Prior to its debut, Bubble raised an undisclosed amount of seed funding from Bullish, Willow Growth Partners and FAB Ventures. Out of the gate, Eisenman shares several notable chains reached out to her to carry Bubble. “We had really great opportunities, and we met some incredible people, but we were fascinated and inspired by Walmart because of the fact that you cannot become more accessible,” she says, noting that Bubble will be available in nine Walmart locations even in Alaska. “We’re constantly saying we’re trying to create a new standard for skincare, we’re trying to create a whole new category for younger skin, but how can you do that when you’re online and asking teens with no credit card to pay $7.95 for shipping and use their parents’ credit card?”

Bubble has conducted numerous focus groups in the months since the brand’s launch to dig into teen consumers’ personal care buying habits. Whether or not teens have access to a credit card isn’t their only skincare purchase consideration. They deem skincare to be an essential personal hygiene purchase. As a result, Eisenman reports that teens say “skincare is something that you want your parents to be paying for. It’s not something that you want to pay yourself.”

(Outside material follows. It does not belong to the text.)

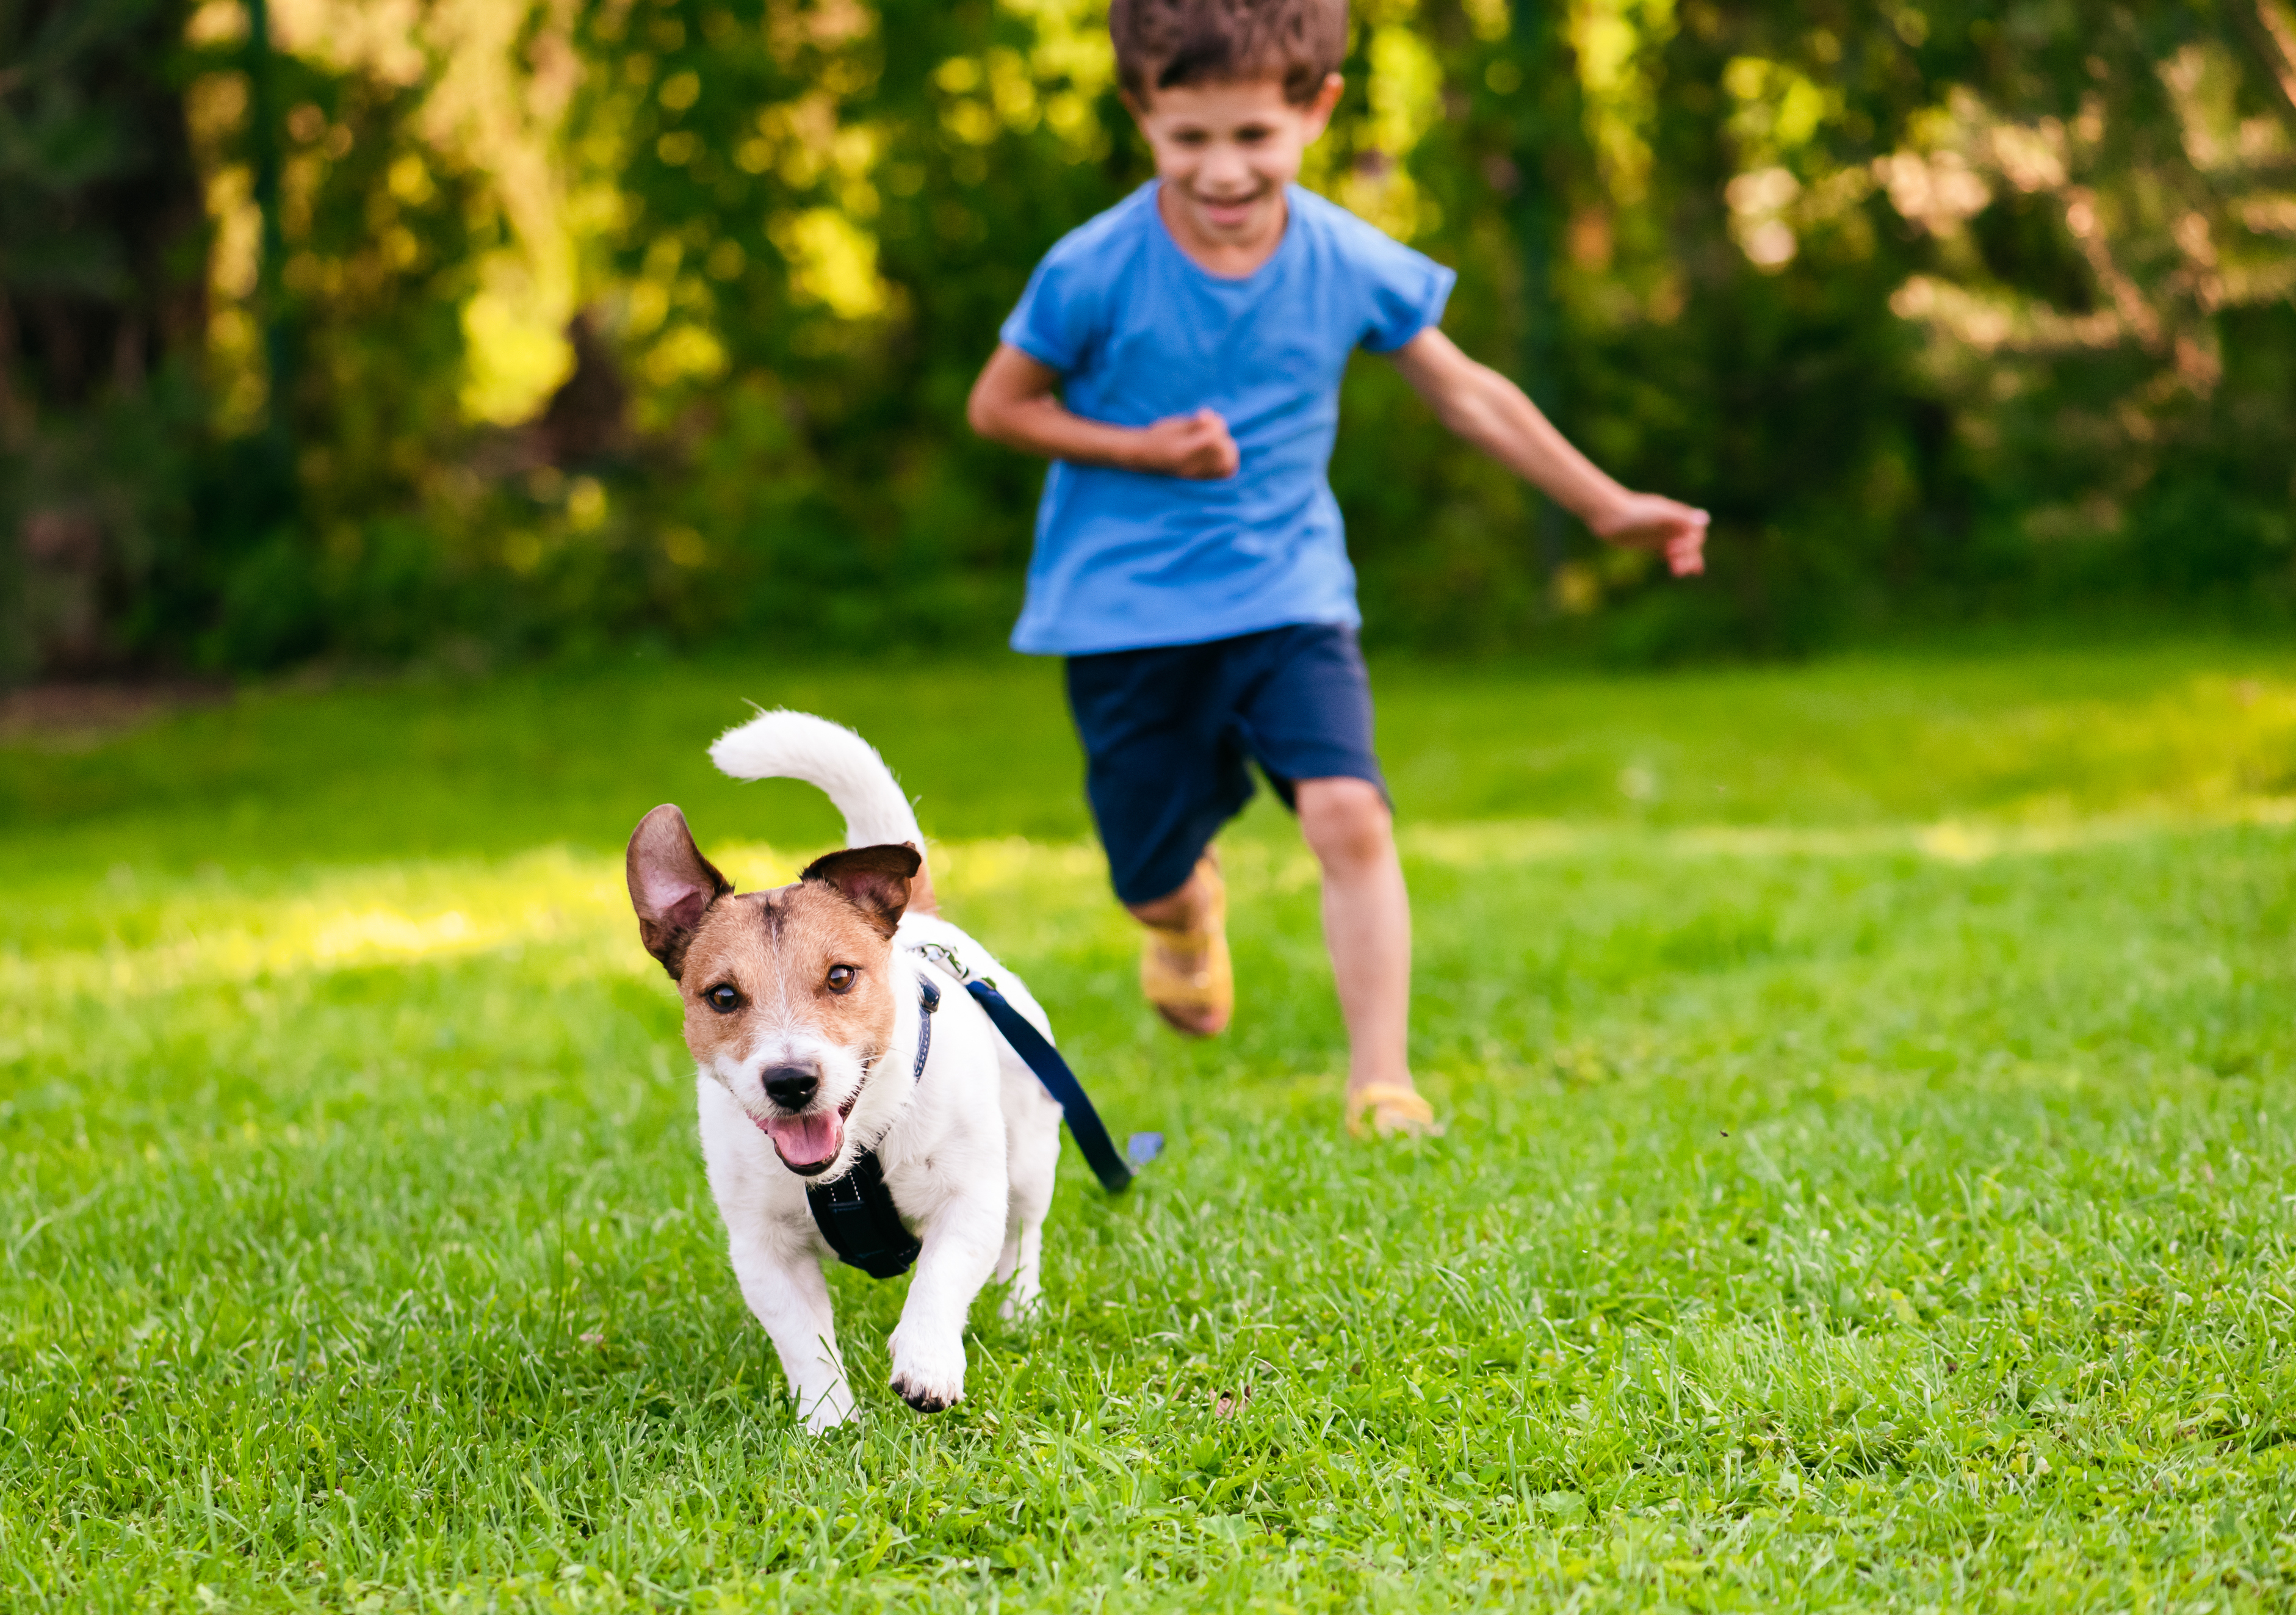 A boy chasing his Jack Russell Terrier dog
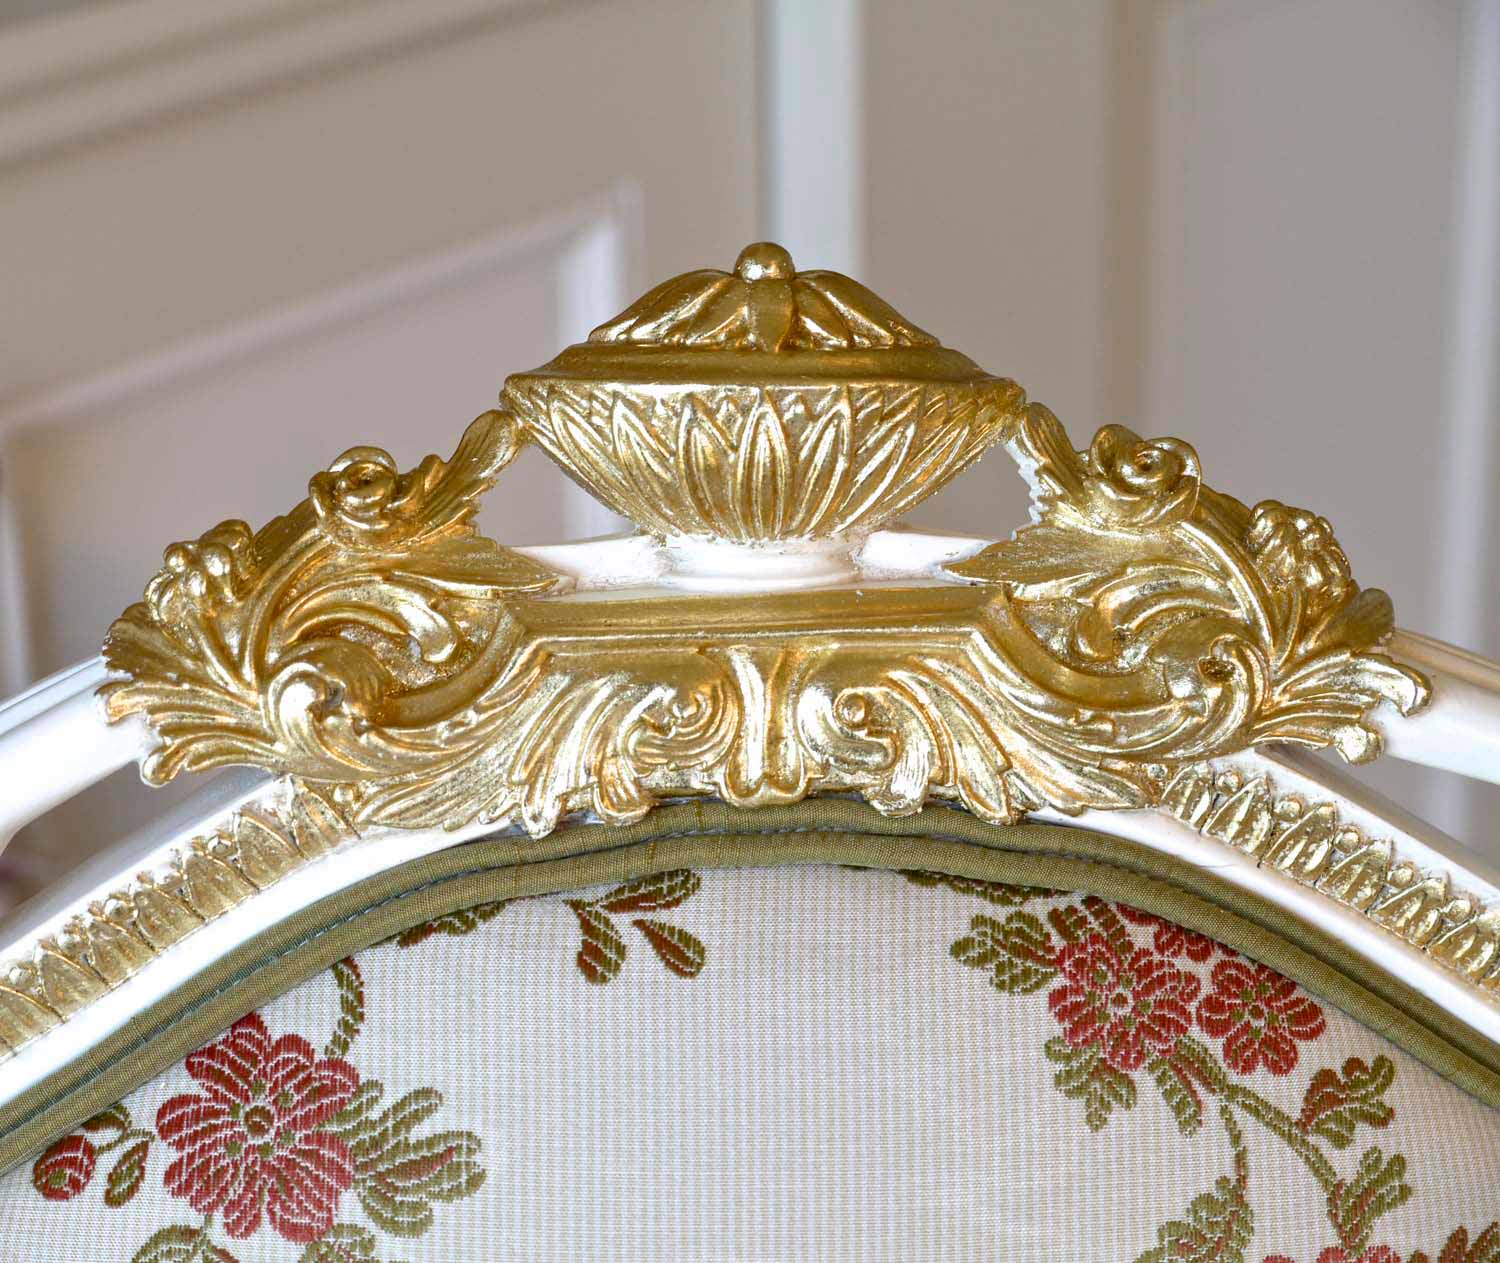 5 French gilding on floral carving of chair top with french louis fabric

Bubble’s launch at Walmart strategically coincides with a back-to-school season that’s expected to be more normal than last year. Going from initial conversations to the product being on shelves took the better part of a year and was affected by the pandemic. Supply chain woes put product development on hold as Bubble concentrated on preparing for Walmart. Even without expanded offerings, Eisenman projects the brand is on track to cross an eight-figure total in revenues this year. She adds new releases aren’t far off, and they will stay within facial skincare.
“We want to be branded as a company that is here to actually cure and treat conditions rather than a beauty brand,” says Eisenman. “We’re not a beauty brand, and the reason why we constantly say it is because we’re here for boys and girls and a beauty brand feels very gendered. We’re always going to stay very gender neutral and be very specifically for face and for specific conditions.”